435183, 4352852, 4352891, 435814, C12N 1100, C12M 300

Patent

active

058342729

DESCRIPTION:

BRIEF SUMMARY
FIELD OF THE INVENTION

The present invention refers to a process for enzyme immobilization, consisting in trapping said enzymes, while still in solution, between two isoelectric membranes encompassing the isoelectric point (pI) of the enzyme in the reactor. The invention refers also to an enzyme reactor comprising said immobilized enzymes. The reaction chamber of the enzyme reactor consists of a multicompartment electrolyzer, assembled with a set of isoelectric membranes (having pI values increasing monotonically from anode to cathode) and the reaction is preferably (but not exclusively) carried out under the influence of an electric field. In case of charged reactants (and/or products), said substances can be carried electrophoretically into the reaction chamber and/or transported out by the electric field. Also valuable cofactors (e.g., NAD.sup.+, NADH) can be moved in and out of the reaction chamber electrophoretically, regenerated outside and fed back into the enzyme reactor. In this way, instead of stoichiometric amounts, only catalytic amounts of coenzymes are required. The present invention refers also to a method for decreasing the water activity in the reaction chamber, thus stabilizing the trapped enzymes. Since catalysis occurs under focusing conditions, with concomitant evacuation of all buffering ions from the reaction chamber, this would quickly lead to enzyme inactivation. The enzyme is kept fully active by the following means: (a) "co-immobilization" of buffers in the enzyme chamber. This is achieved by using amphoteric buffers, with pI values encompassed by the pI values of the two flanking (at anodic and cathodic side, respectively) membranes. A series of such buffers exist covering the pH 3-10 scale;
(b) by addition of polyols (e.g., ethylene glycol, glycerol, erythritol, xylitol, sorbitol) or polymers (e.g., dextrans, polyethylene glycol) or carbohydrates (e.g., sucrose, lactose) to the reaction chambers. Comprised in the present invention are also different means for bringing uncharged substrates electrophoretically into the reaction chamber.

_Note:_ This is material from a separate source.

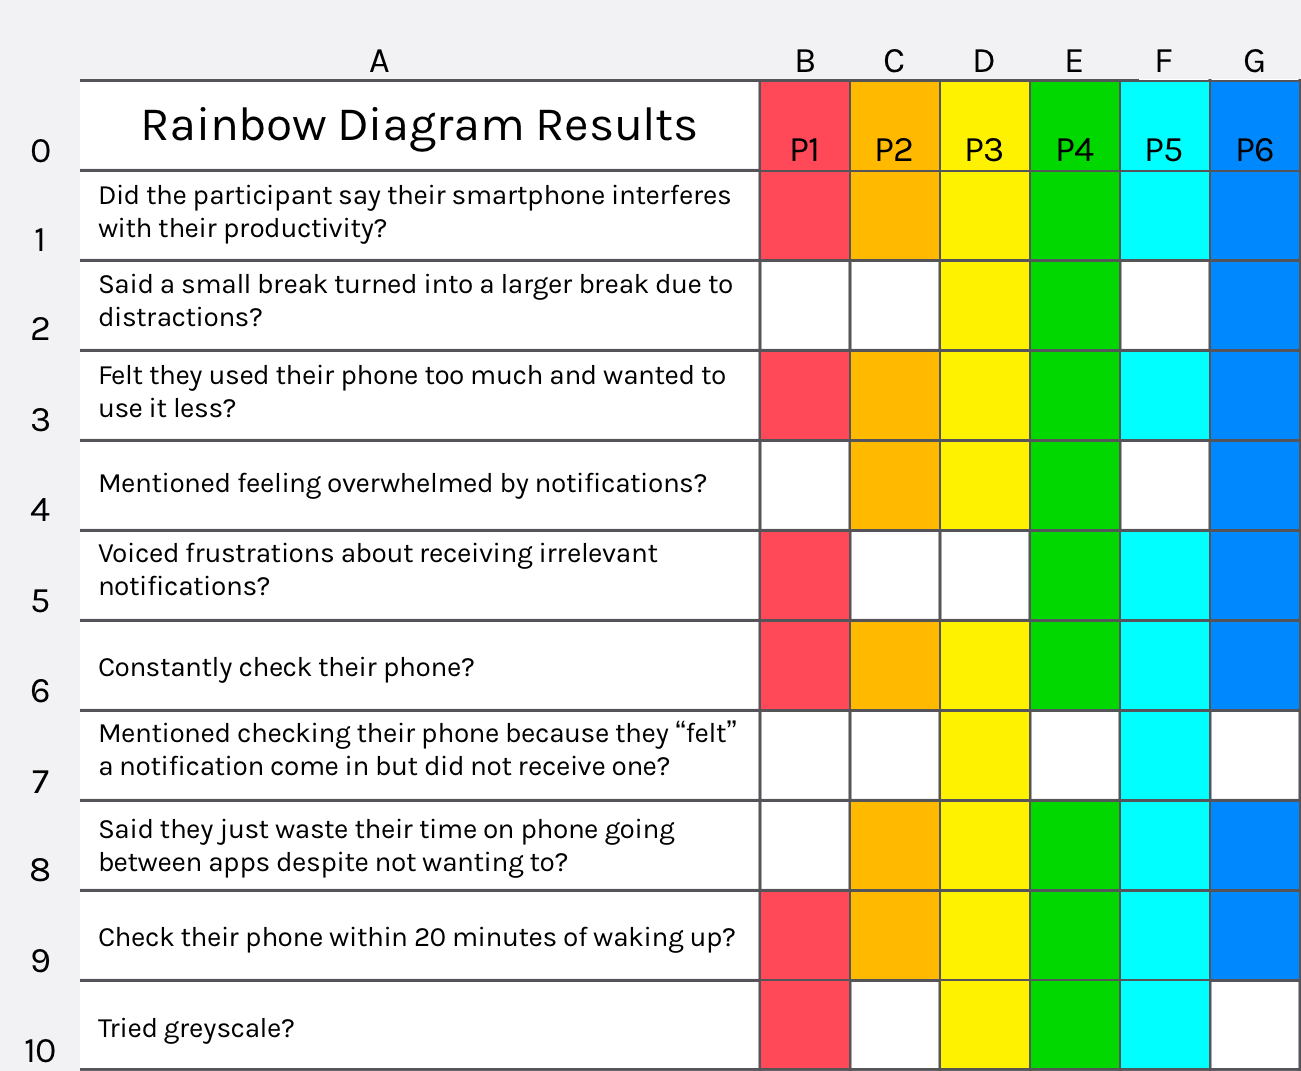 Rainbow Diagram of the Results of the Interviews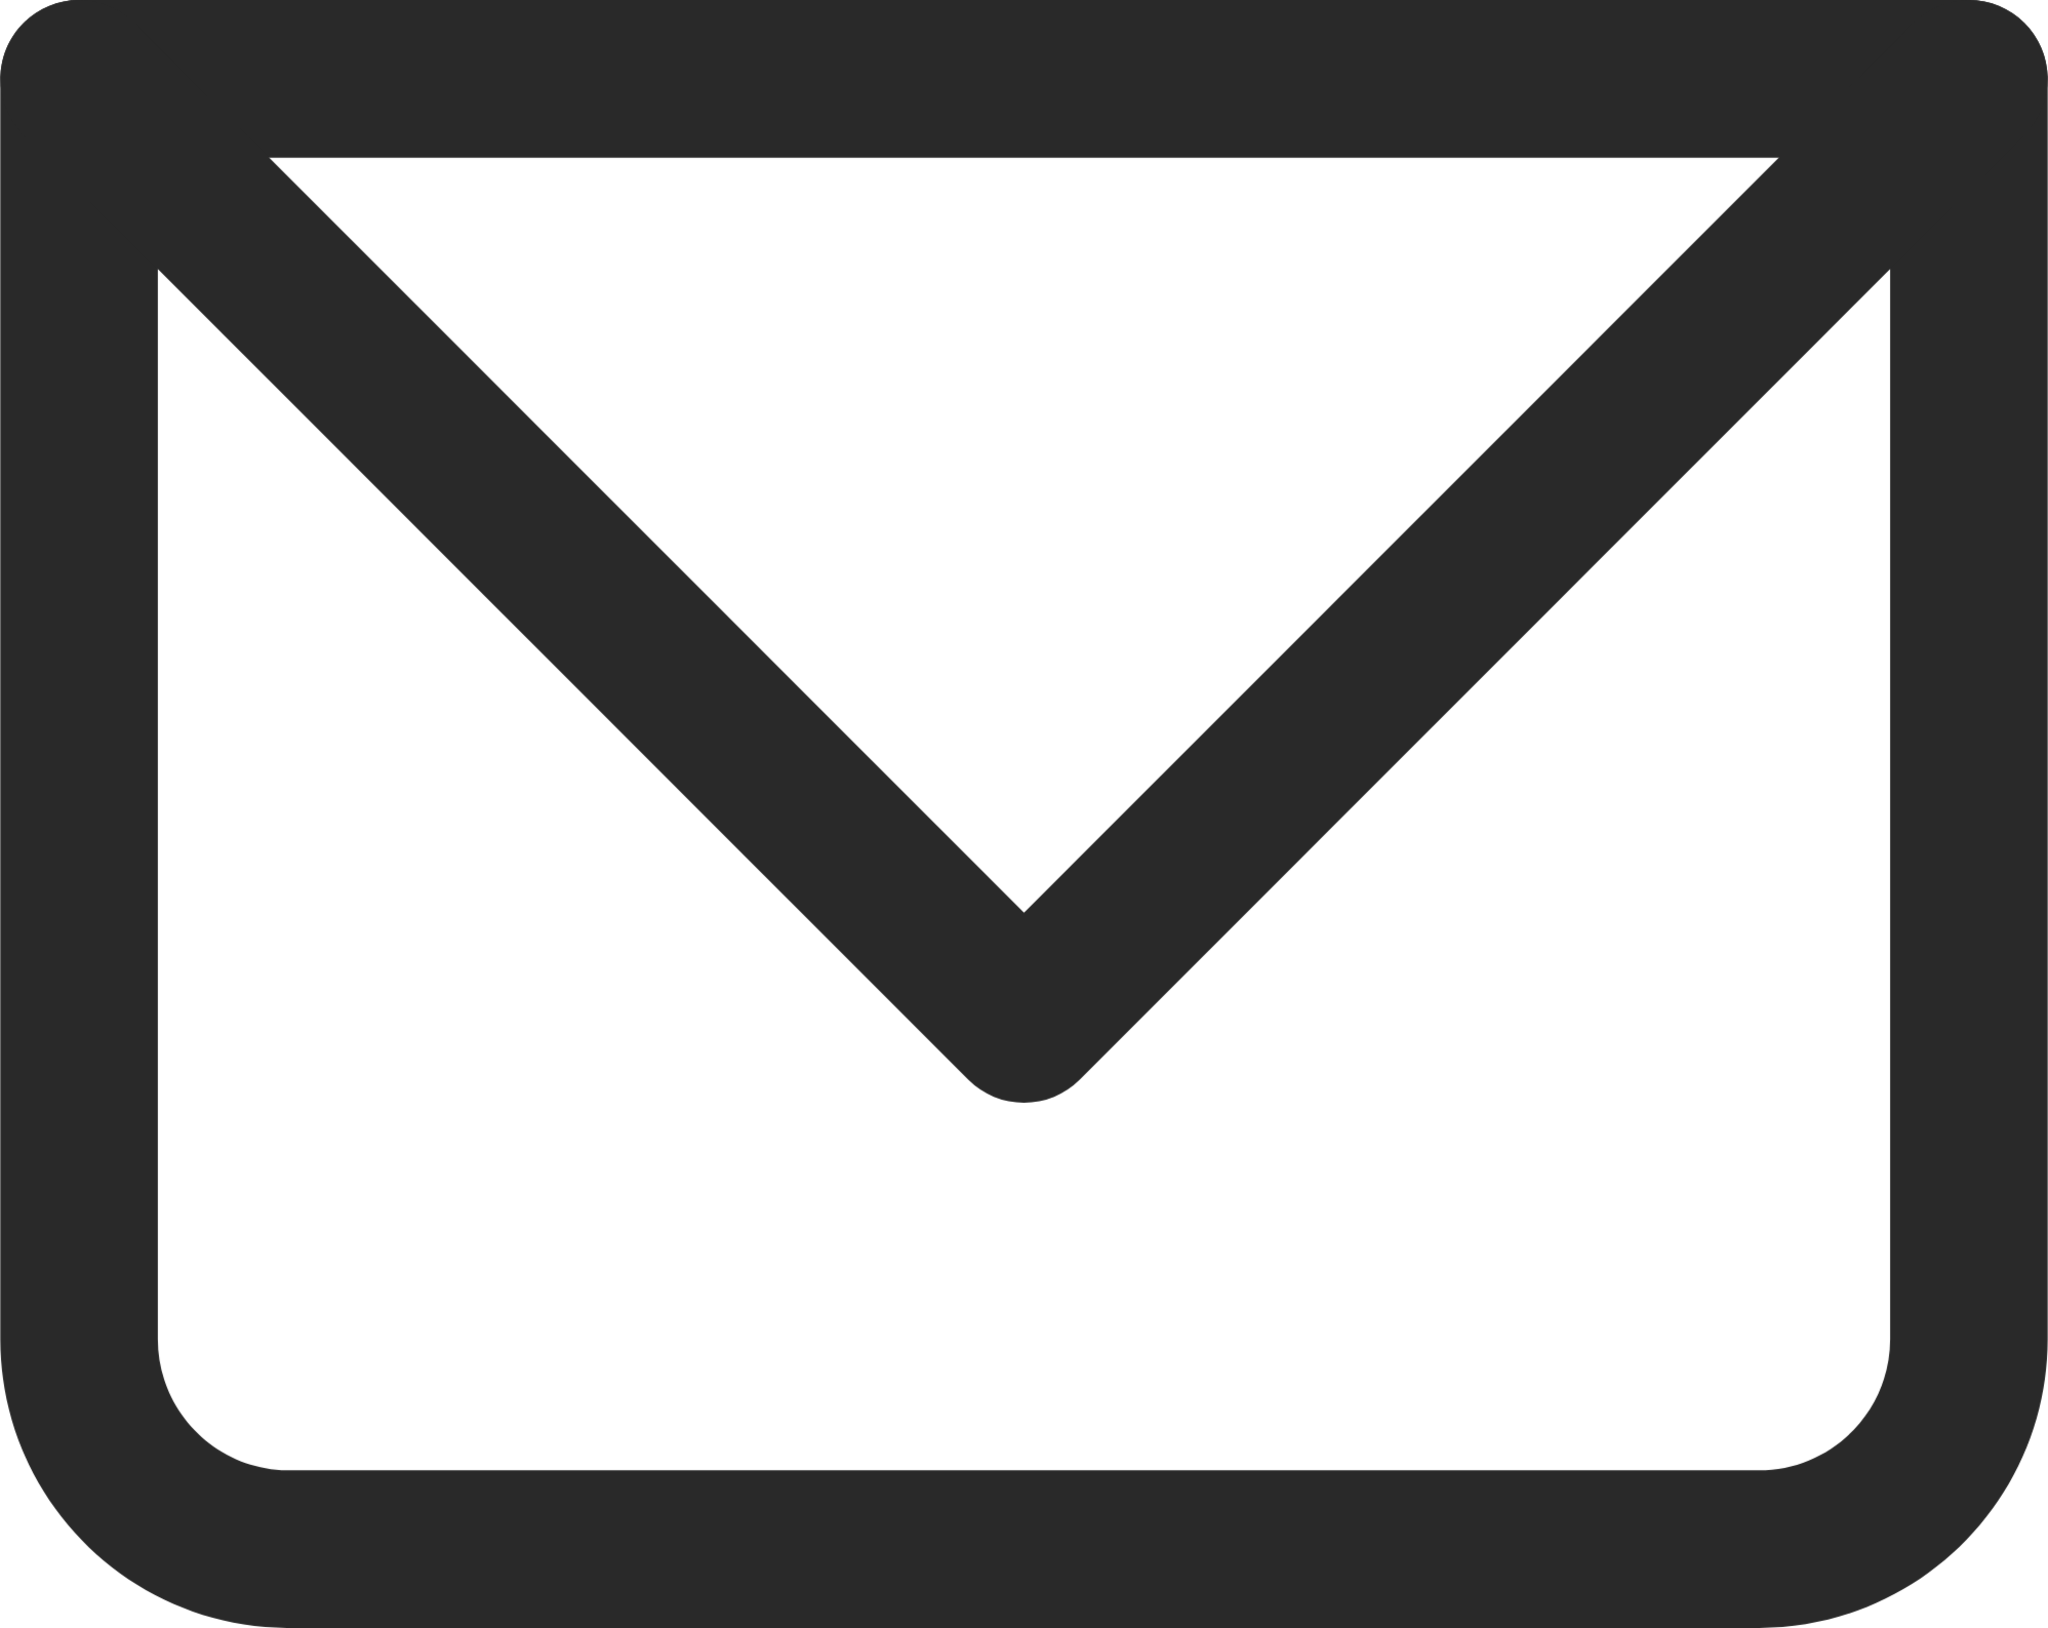 email" Icon - Download for free – Iconduck

Examples of such means are: (a) charging neutral sugars by forming charged complexes with borate; (b) inserting neutral substrates into negatively (e.g., sodium dodecyl sulphate) or positively (e.g., cetyl-trymethyl ammonium bromide) charged micelles. The present invention refers also to the preparation of novel isoelectric membranes by using highly stable acrylamido monomers (in general N-mono- and di-substituted compounds, such as dimethyl acrylamide and N-acryloyl amino ethoxy ethanol), thus allowing stable operation for prolonged period of time, due to their high resistance to alkaline hydrolysis. Still a further object of the present invention is also the possibility of forming highly porous isoelectric membranes (e.g., by the process of lateral aggregation during polymerization) so as to allow unhindered migration in and out of the reaction chamber of macromolecular substrates (e.g., proteins, nucleic acids, lipo- and poly-saccharides). In the present invention, the multicompartment electrolyzer, constituting the reaction chamber, comprises in general an electric field coupled to a hydraulic flow, for recycling enzymes and reactants in and out of the electric field to, e.g., a heat sink or to suitable chromatographic columns, for harvesting valuable reaction products, or to additional reaction chambers for, e.g., regenerating valuable cofactors via secondary enzymatic or chemical reactions. The present invention refers also the use of cascade reactors, where two or more enzymes are coupled serially (e.g. in the same chamber or in adjacent chambers, trapped in between suitable isoelectric membranes), for transforming different substrates (or for performing different modifications on the same substrate) in serial reactions.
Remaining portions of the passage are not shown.